Of course we have read several other books but these are the stand-outs; including, for the fourth or fifth time, The Harsh Voice. Do watch this 1976 Rebecca West interview, What a woman!
Also do read this article by Zoe Williams about why an episode of Hancock’s Half Hour, here, defines the culture wars that have riven this country for the last few years – it’s profound.
The Victorian Chaise-longue was discussed on the always excellent Backlisted Pod here. They had a recording of Marghanita Laski saying : ‘What really has the power to chill and alarm is when real life slips in. In my book, it was a piece of furniture that created the terror – something that was there and real. Or the famous story by Shirley Jackson, the American story ‘The Lottery’ is terrifying because, although it’s an imagined real life, it’s real life.’ (This story is in the first Persephone Book of Short Stories, PB No. 100.)
There was a good article in the Economist about the Christmas round robin/newsletter which pointed out that they provide a rich social history. Never will this be so true as in the time of Covid.
Michael Herbert (who introduced us to Madeline Linford, cf the story in the latest Biannually here) kindly told us that five episodes of the influential and path-breaking Shoulder to Shoulder about the suffragettes is now available on the web free,
details here, here, here, here and here (the second episode has not been uploaded, maybe for copyright reasons). This is required viewing for all feminists. Well, required viewing for everyone.
It seems that The Home-maker is now an audiobook, here, this would be the best possible listening while jogging or doing housework.

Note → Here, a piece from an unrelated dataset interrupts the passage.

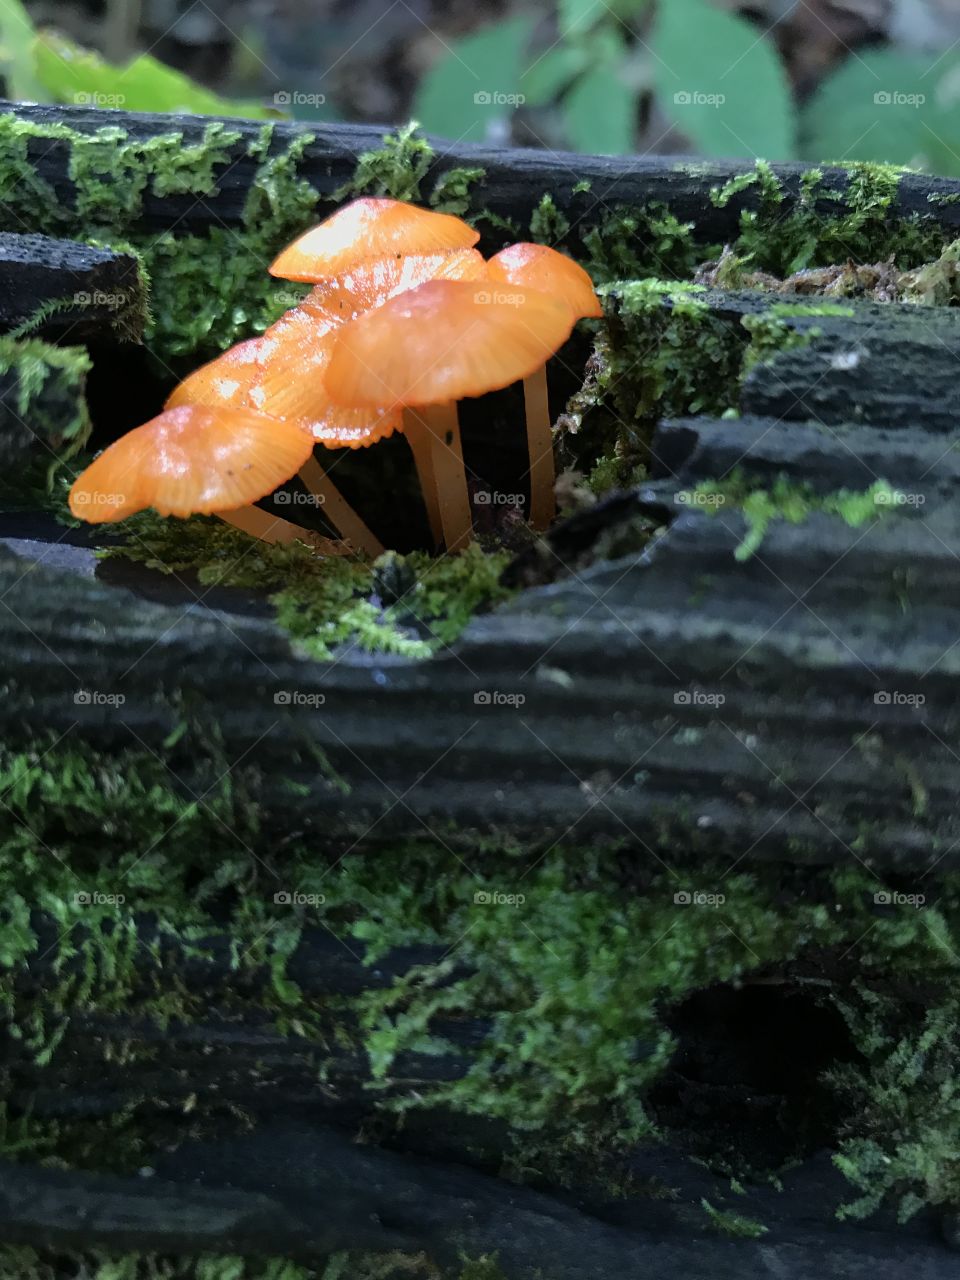 Tiny little orange mushrooms growing on a log.

Lydia was on Open Book talking eloquently about English Climate which, she said, ‘perfectly aligns the domestic and the political.’
And some good news: Fran is going to re-start reading a short story at 11 on Elevenses with Fran (look up Fran's Bookshop on Instagram).
Finally, it was marvellous to read that Biden has picked two excellent people, Jennifer Granholm and Gina McCarthy, to work on energy and climate change.